North Queensland Cowboys

Club information
- Full name: North Queensland Cowboys Rugby League Football Club
- Nickname: Cowboys
- Short name: NQL
- Colours: Navy Blue Grey Gold
- Founded: 15 June 2022; 4 years ago
- Website: cowboys.com.au

Current details
- Ground: North Queensland Stadium (25,000);
- CEO: Jeff Reibel
- Chairman: Lewis Ramsay
- Coach: Ricky Henry
- Captain: Emma Manzelmann
- Competition: NRL Women's Premiership
- 2024 season: 4th
- Current season

Records
- Biggest win: Cowboys 42 – 14 Dragons WIN Stadium (6 Sep 2025)
- Biggest loss: Cowboys 6 – 56 Roosters Queensland Country Bank Stadium (13 Sep 2025)
- First game: Cowboys 6 – 16 Titans Cbus Super Stadium (22 Jul 2023)
- Most capped: 40 – Jasmine Peters & Bree Chester
- Highest try scorer: 14 – Jasmine Peters
- Highest points scorer: 134 – Kirra Dibb

= North Queensland Cowboys Women =

Australian rugby league football club

The North Queensland Cowboys Women is an Australian professional rugby league football club based in Townsville, the largest city in North Queensland.

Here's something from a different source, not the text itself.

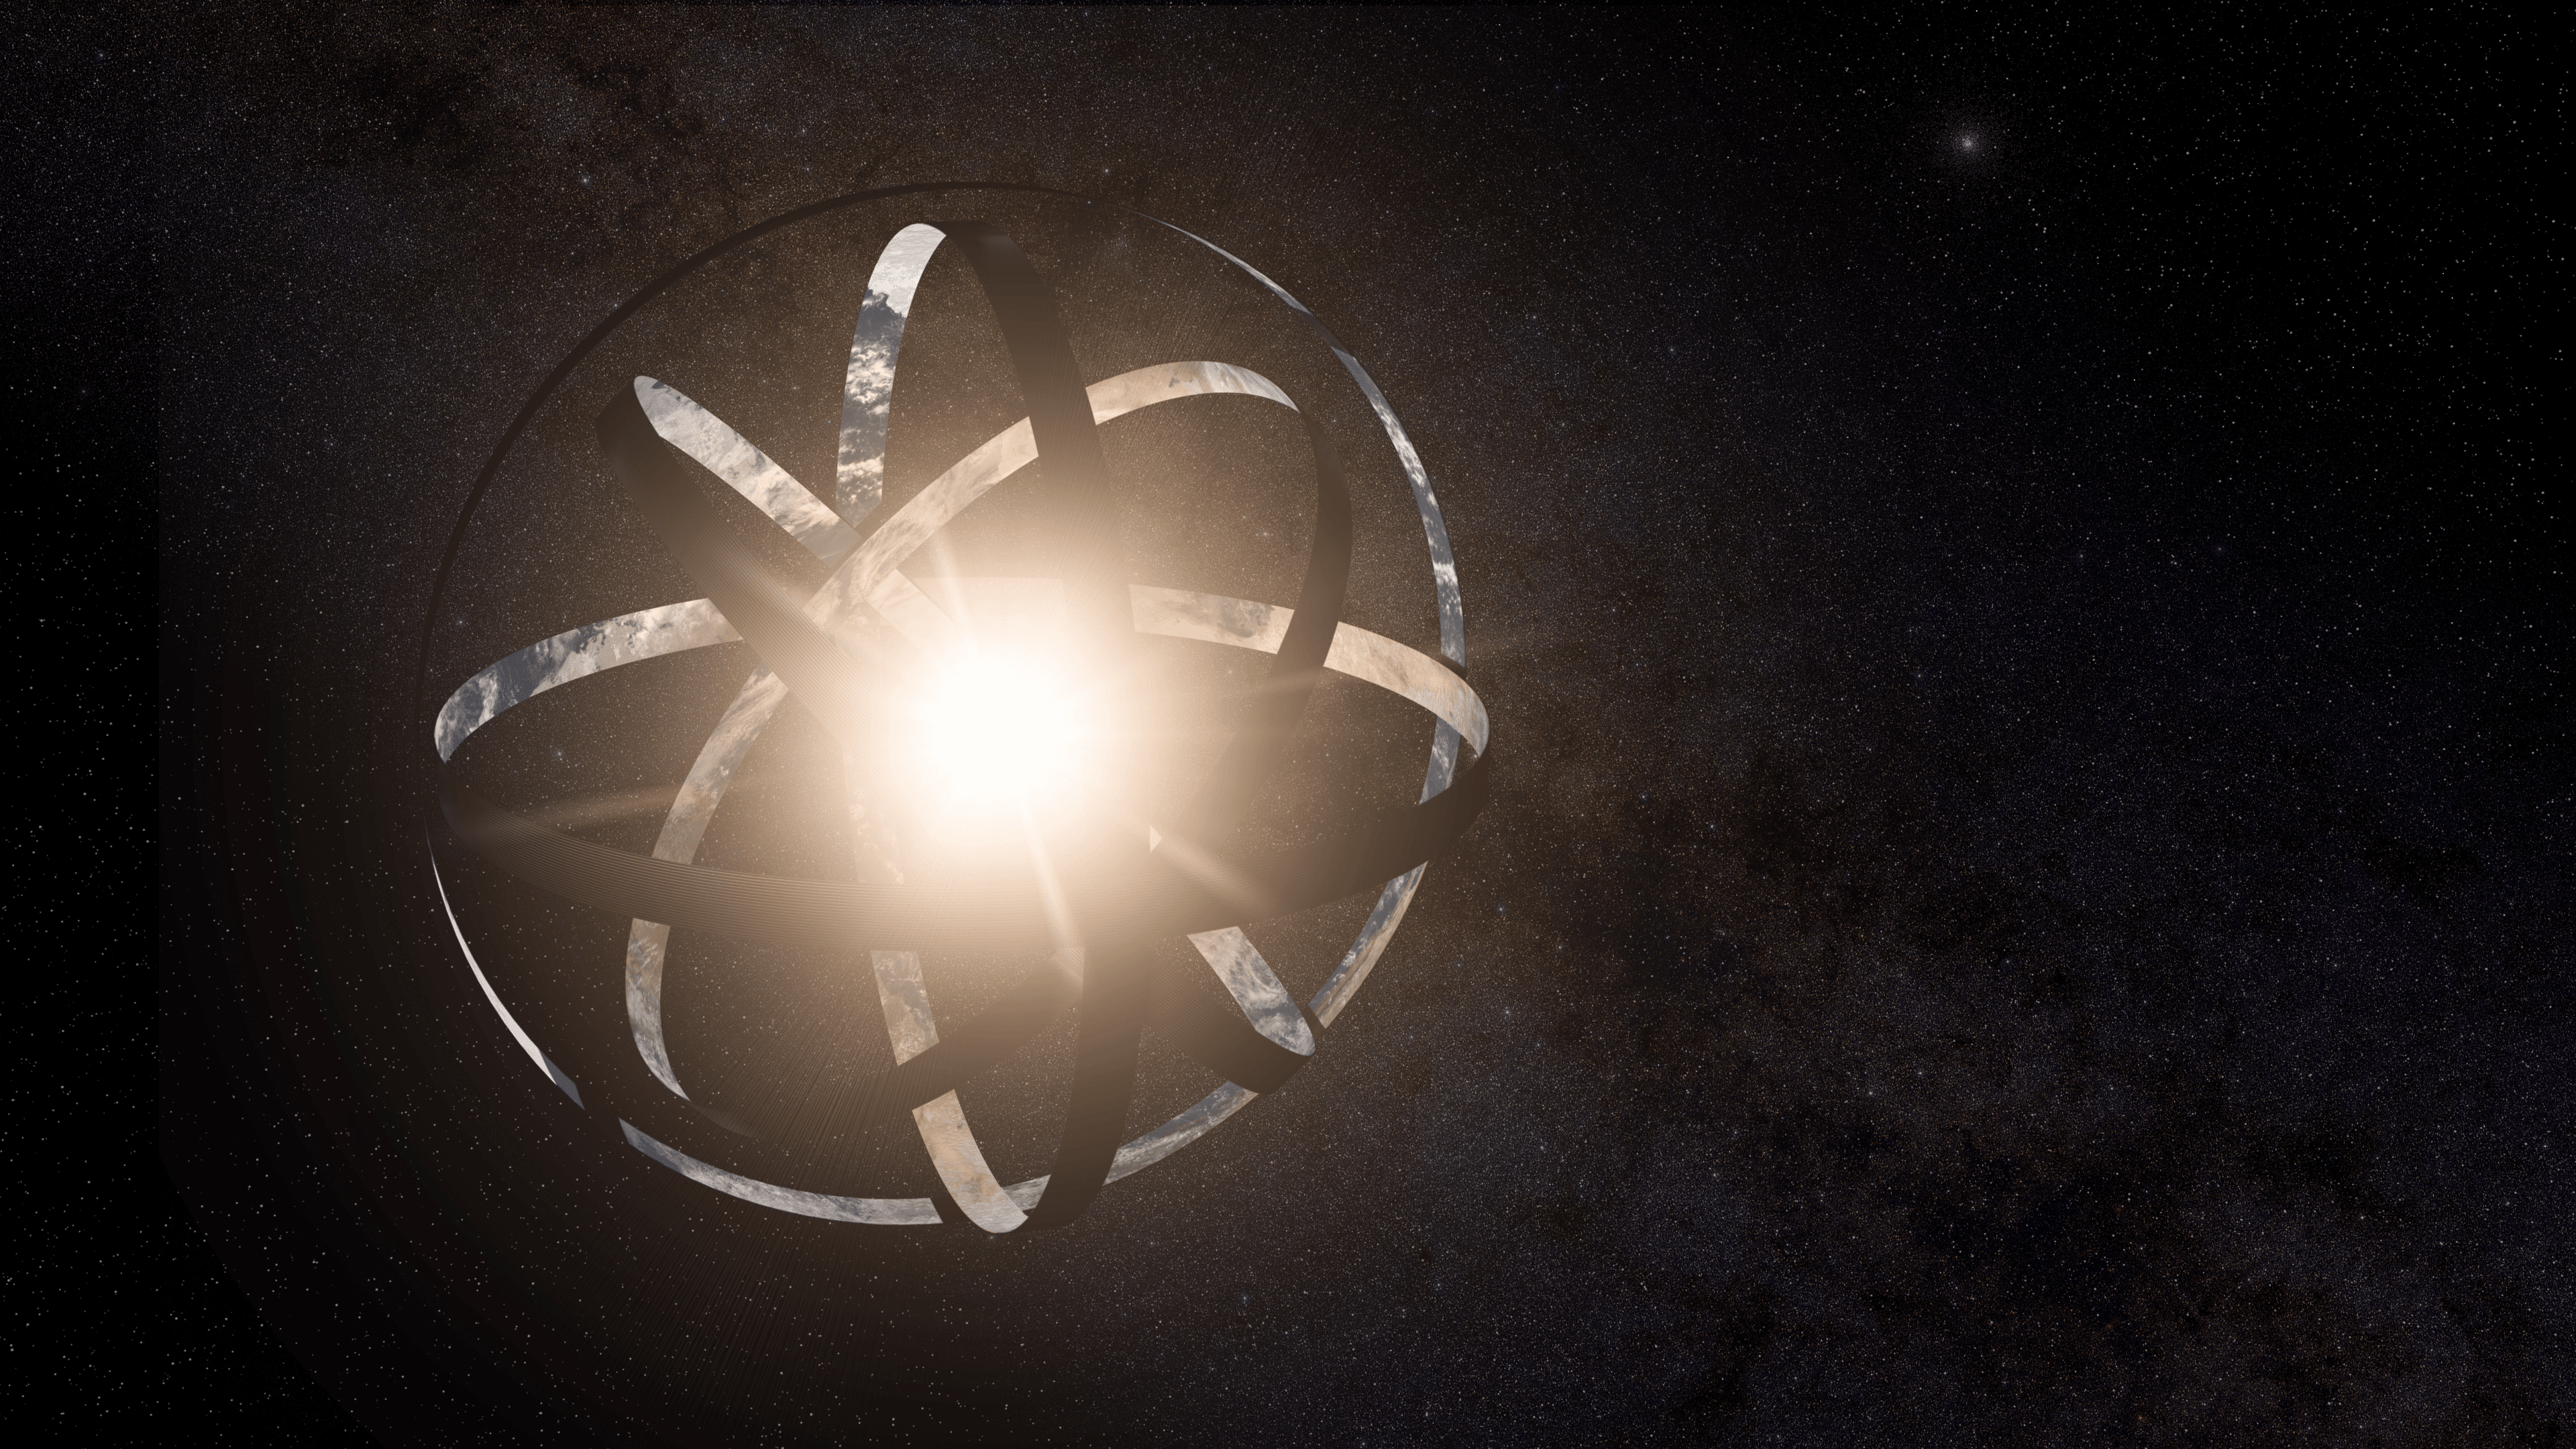 כדור דייסון הוא מגה-מבנה תיאורטי שיקיף כוכב ויאסוף את אורו כדי להשתמש בו כאנרגיה. קווין גיל/פליקר, CC BY

They compete in Australia's premier women's rugby league competition, the NRL Women's Premiership (NRLW).

==History==
In April 2019, the North Queensland Cowboys announced a program to support grassroots women's rugby league in the region with the hope of gaining entry into the NRL Women's Premiership. The program featured sponsorship and support for that year's Queensland Rugby League (QRL) Northern Region Women's Championship, as well as sponsorship of the Townsville, Cairns and Mackay women's rugby league competitions. Prior to 2019, the Cowboys hosted the 2015 Women's Interstate Challenge between Queensland and New South Wales at their home venue, Willows Sports Complex, as a curtain raiser to their Round 16 NRL fixture against the Cronulla-Sutherland Sharks. Several Jillaroos and Queensland representatives grew up or spent time playing in the North Queensland region, including Brittany Breayley-Nati, Renae Kunst (Mackay), Heather Ballinger, Steph Mooka and Jenni-Sue Hoepper (Cairns).

On 10 September 2019, the club announced the opening of their Women's Academy, providing a pathway to elite rugby league for females in north Queensland. The first four Academy members announced were Romy Teitzel, Riutoto Te Hiko, Shanaye Watson and Jasmine Peters. Teiztel's father, Craig, played 12 games for the Cowboys in 1995.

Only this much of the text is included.